0

I have a DataFrame with multiple columns, df. One of those columns is named Date and whose items are datetime objects.

Given a date, datequery, I want to return the row that is closest to that date.

Going off of this previous answer, I thought of using the following code:

result = min(df.iterrows(), key=lambda x: abs(x['Date'] - datequery))

The way I mentally walk through the code is thusly:

  1. I give the min function an iterable object that iterates over each row since I want the output of the function to be the row
  2. min then evaluates the minimum value of the keyfunction and outputs the corresponding item from the iterable. So it would output the row (item) corresponding to the lowest value given by the keyfunction

Instead of doing this, I'm greeted by the following error:

In [21]: min(df.iterrows(), key=lambda x: abs(x['Date'] - datequery))

--------------------------------------------------------------------------- 
TypeError                                 Traceback (most recent call last)

c:/Random/Path/script.py in <module>()
----> 1 min(df.iterrows(), key=lambda x: abs(x['Date'] - datequery))

c:/Random/Path/script.py in <lambda>(x)
----> 1 min(df.iterrows(), key=lambda x: abs(x['Date'] - datequery))

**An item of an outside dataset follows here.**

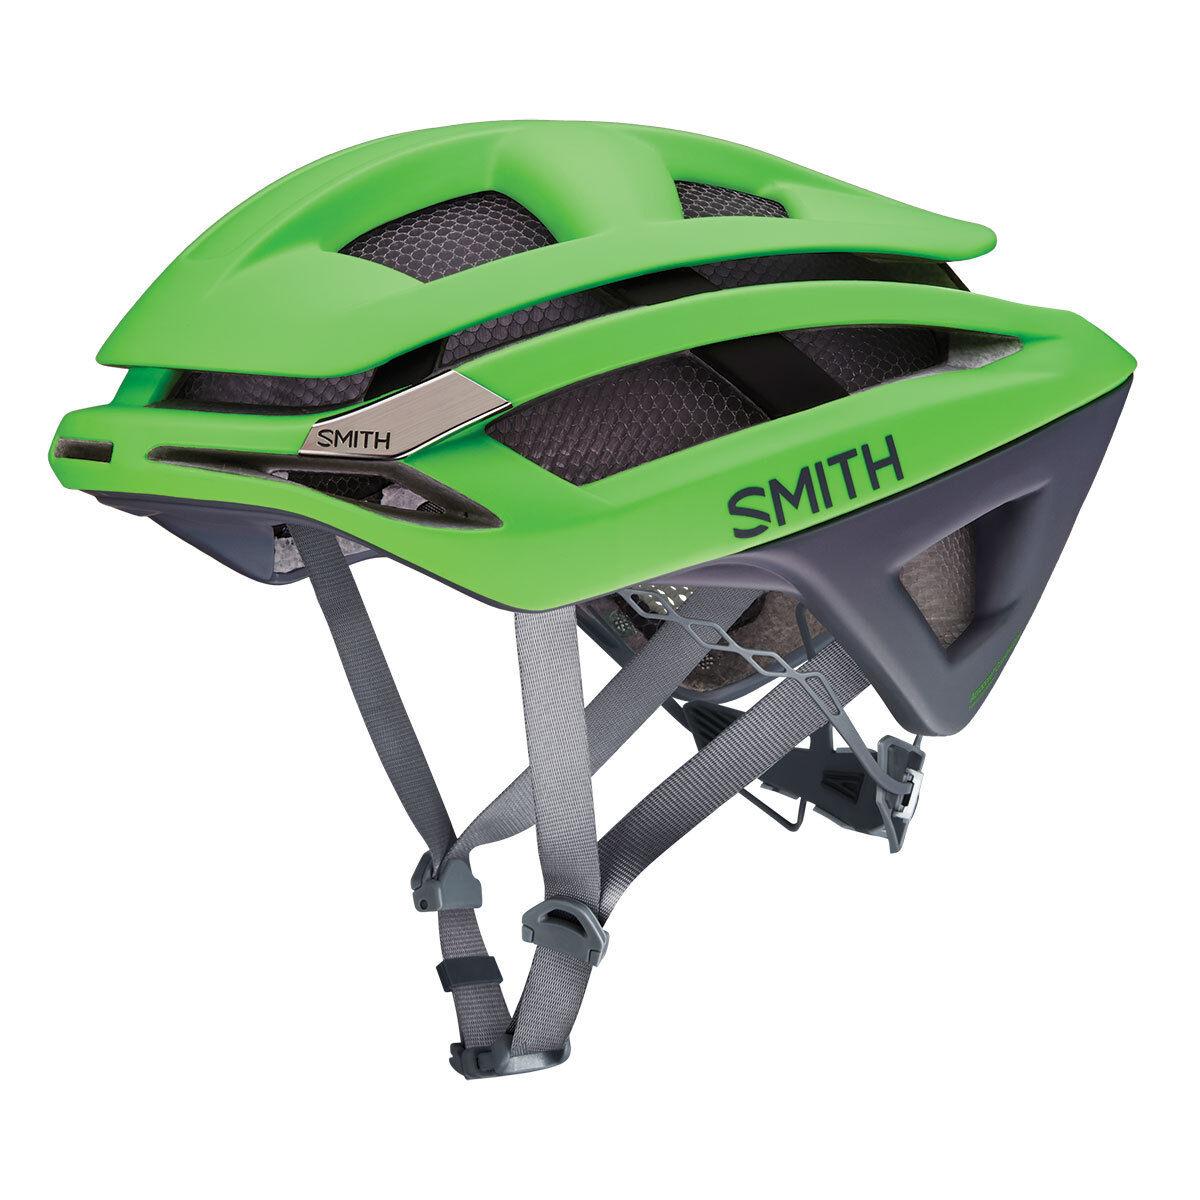 Smith Overdeake cicislmo da strada Caschetto ciclista verde grigio gardient KoroYD

TypeError: tuple indices must be integers or slices, not str

I'm well aware of the fact that tuple indices can't be a string. So my question is three fold:

  1. What tuple is it talking about? Because there are no tuples being used (unless it's something inside datetime)
  2. Where is this string coming from. Again, the only string in the workspace is 'Date', but that should only be for accessing the 'Date' column, not as indices for a tuple.
  3. How do I do this?
James Wright
  • 1,293
  • 2
  • 16
  • 32

1 Answers1

0

So, to answer my three questions:

  1. What tuple is it talking about? Because there are no tuples being used (unless it's something inside datetime)

The tuple is the output of iterrows. I forgot that iterrows outputs (index, row) tuple pairs, not just the row itself.

  1. Where is this string coming from. Again, the only string in the workspace is 'Date', but that should only be for accessing the 'Date' column, not as indices for a tuple.

The string is the 'Date'.

  1. How do I do this?
min(df.iterrows(), key=lambda x: abs(x[1]['Date'] - datequery))

So the [1] is to access the row part of the (index, row) tuple pair that results from iterrows(). That was the only thing I was missing.

James Wright
  • 1,293
  • 2
  • 16
  • 32